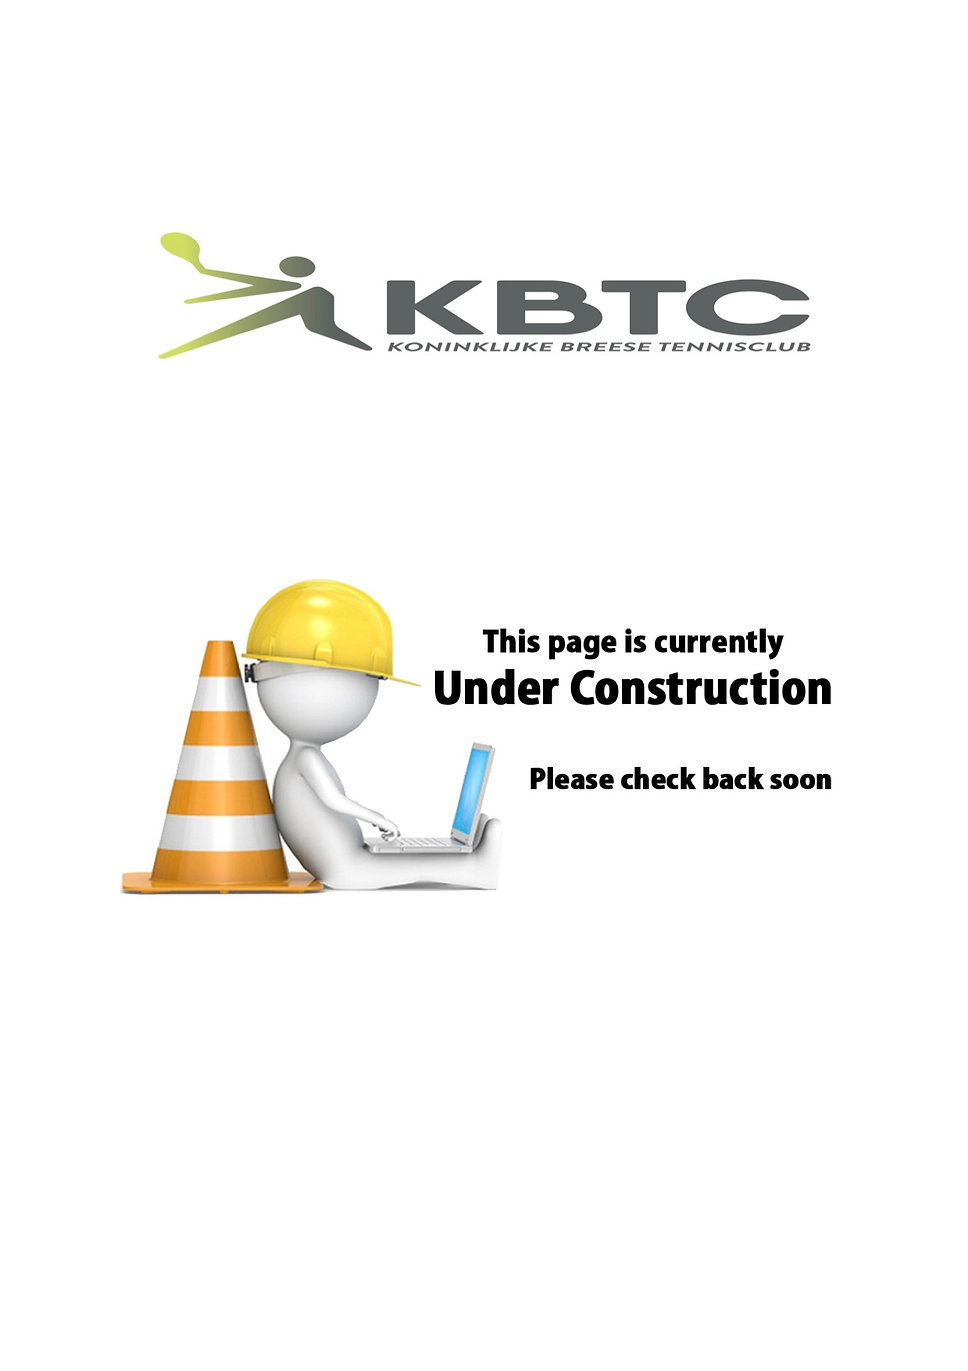 kbtc under construction jpeg.jpg
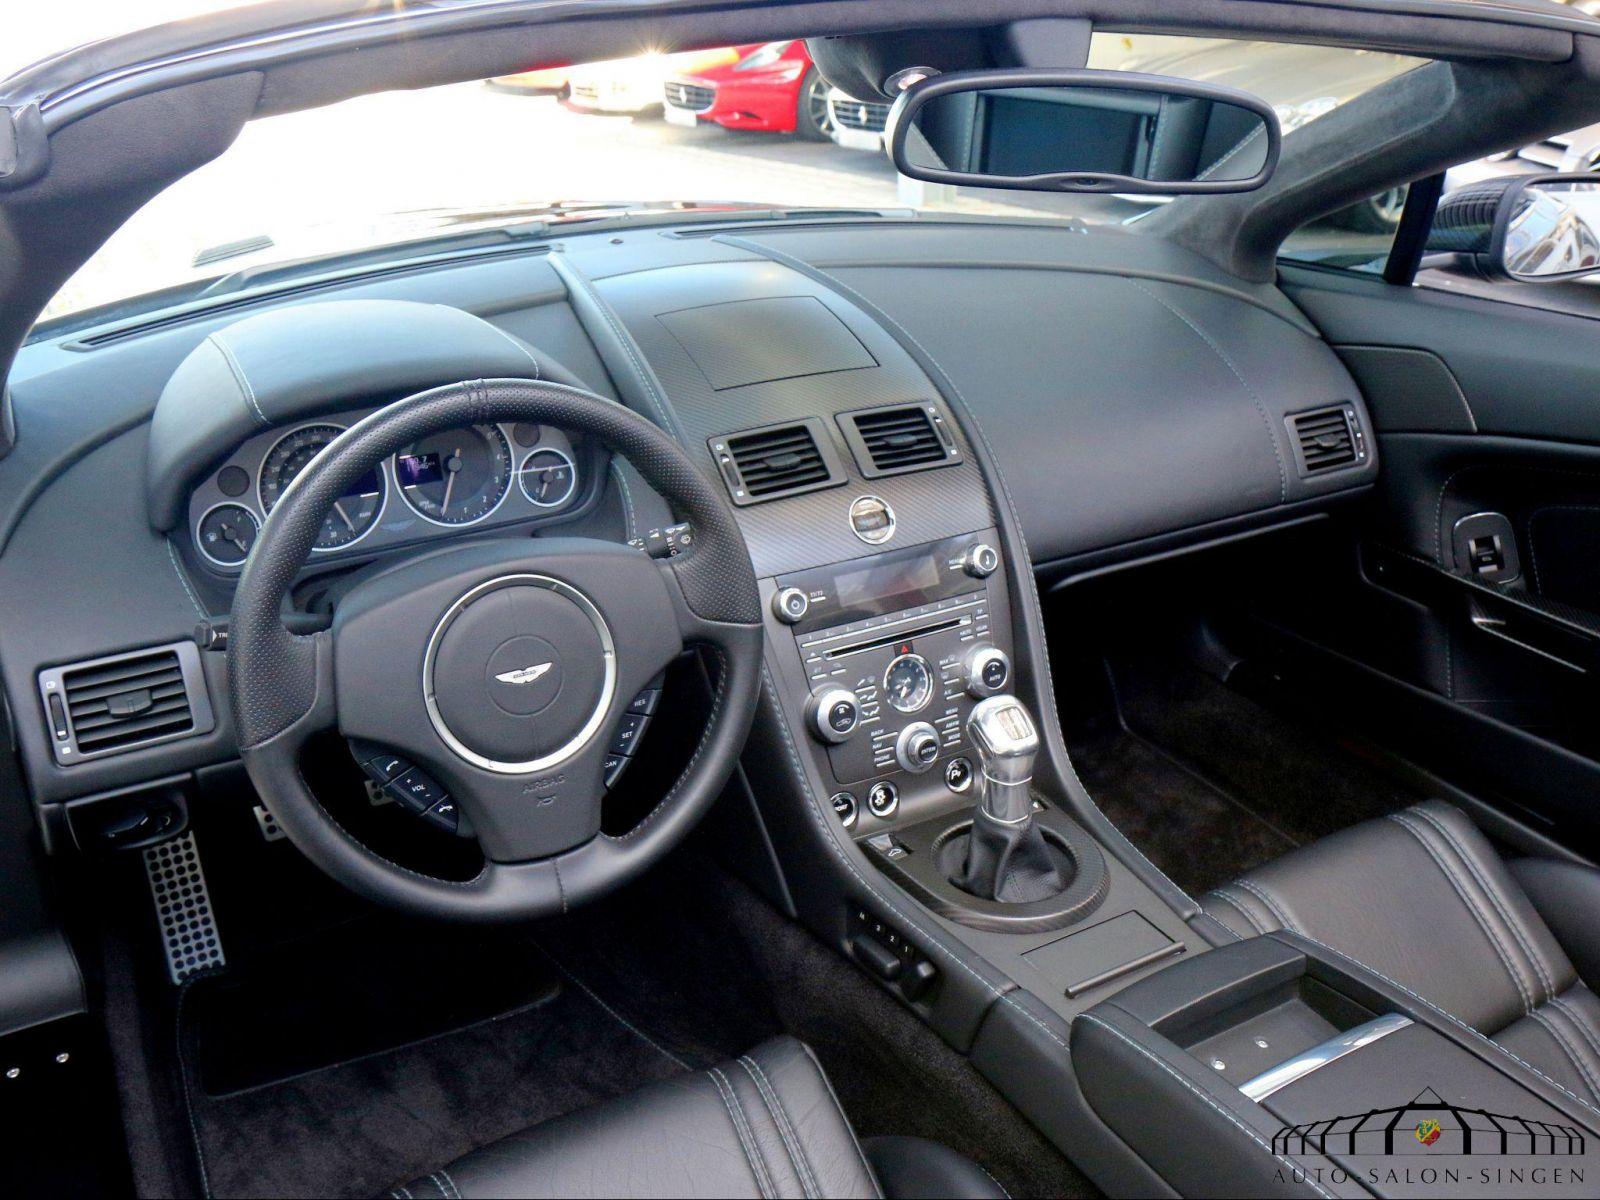 Aston Martin V12 Vantage Roadster Convertible Auto Salon Singen
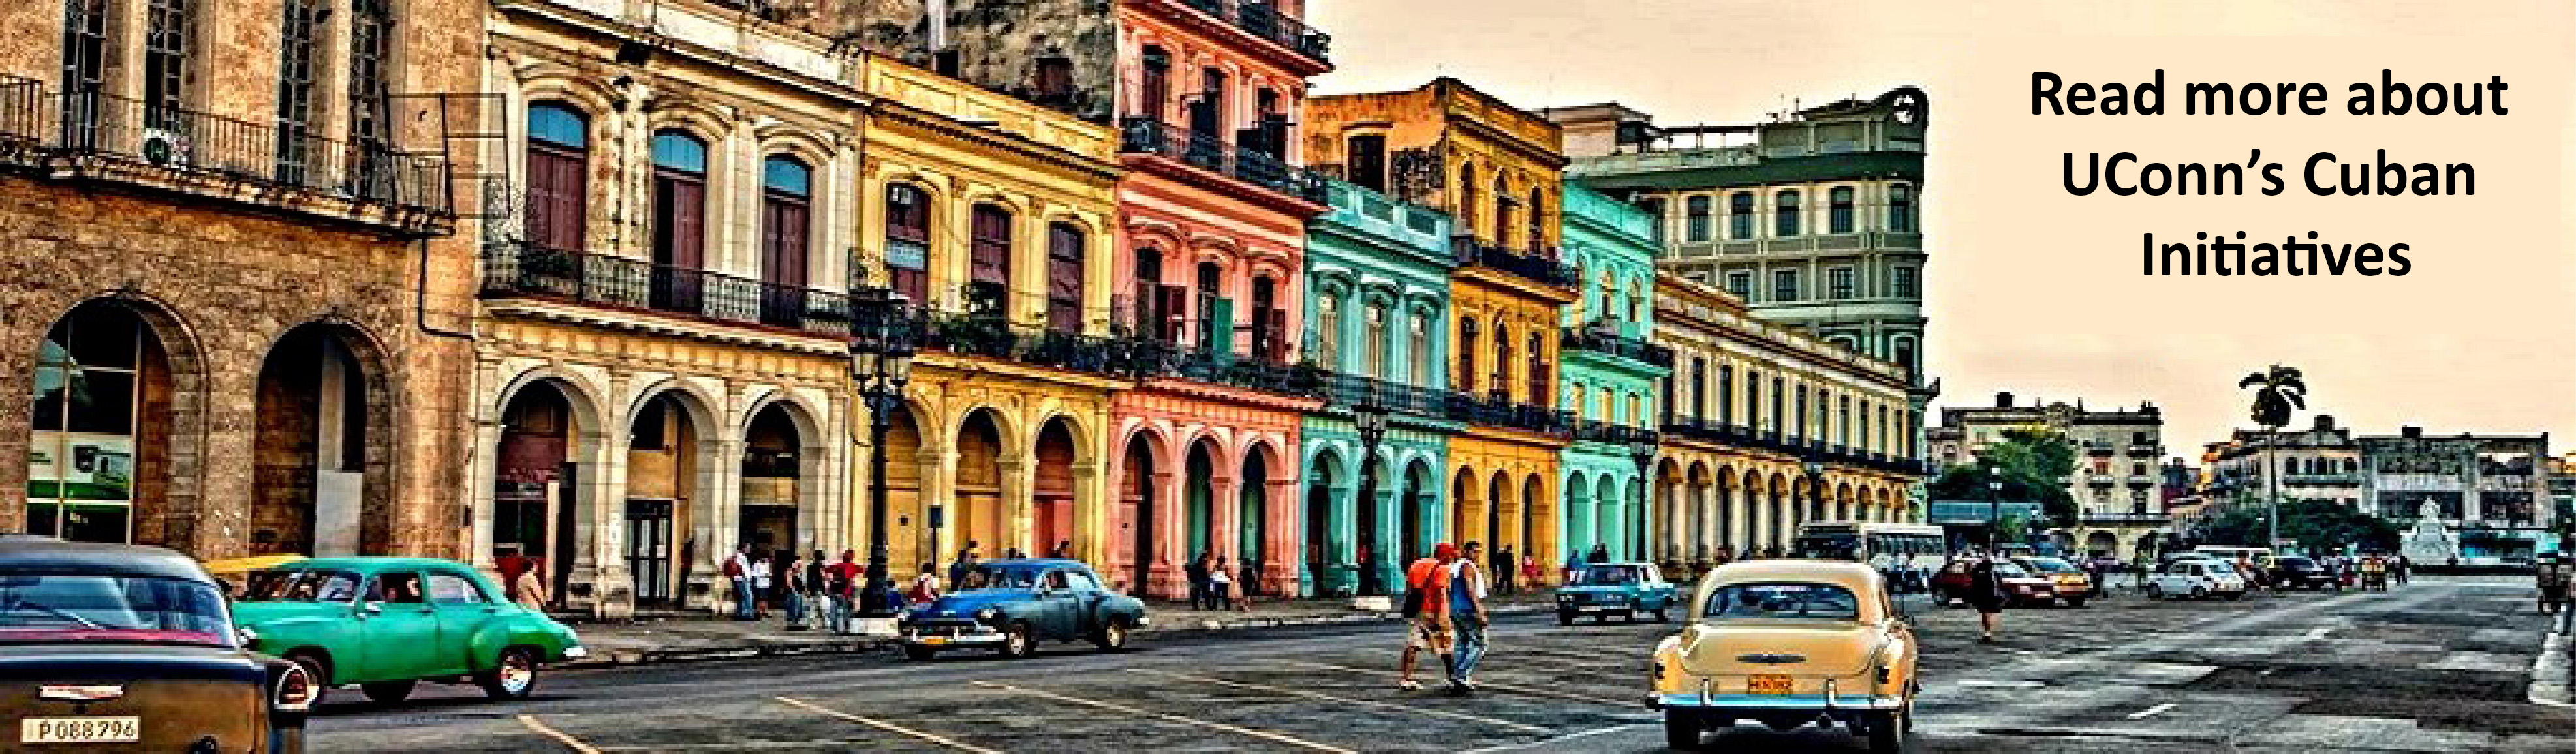 cuban_streets
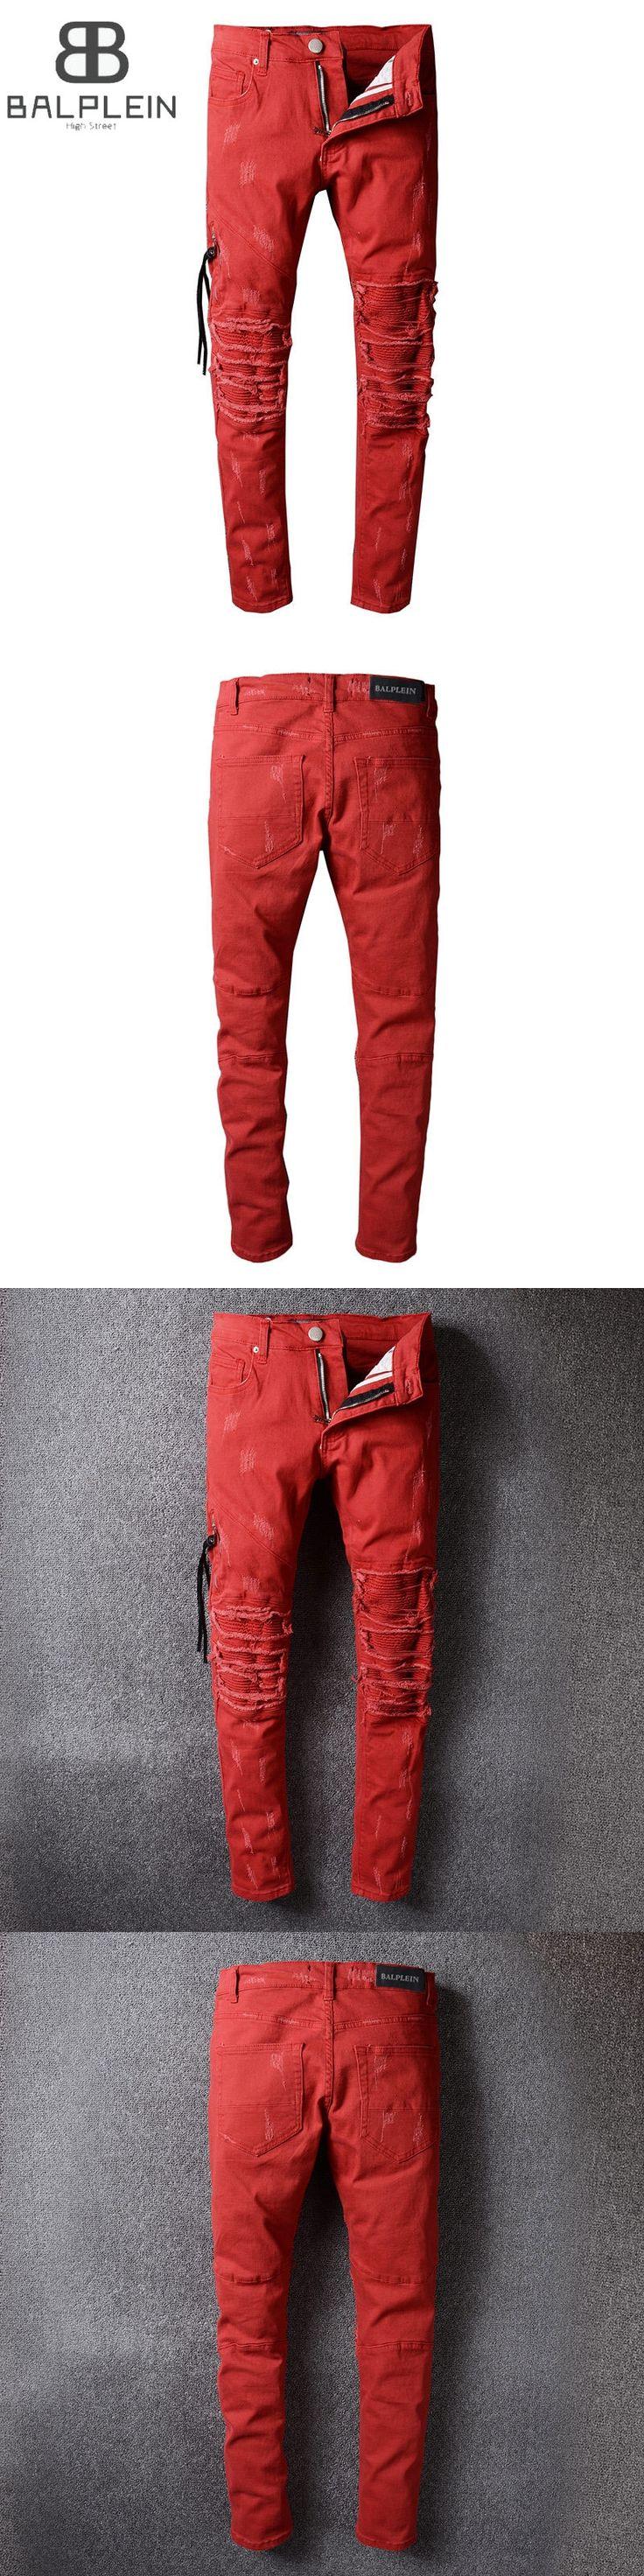 Red Color High Street Fashion Mens Jeans Motor Biker Jeans Men Balplein Brand Destroyed Ripped Jeans Punk Style Denim Pants

> **YOUR INSTRUCTIONS**: Write out the data exactly, but not its pictures.

> **RESULT OF THE TASK**:
 kbtc under construction jpeg.jpg
 Aston Martin V12 Vantage Roadster Convertible Auto Salon Singen
 cuban_streets
 Red Color High Street Fashion Mens Jeans Motor Biker Jeans Men Balplein Brand Destroyed Ripped Jeans Punk Style Denim Pants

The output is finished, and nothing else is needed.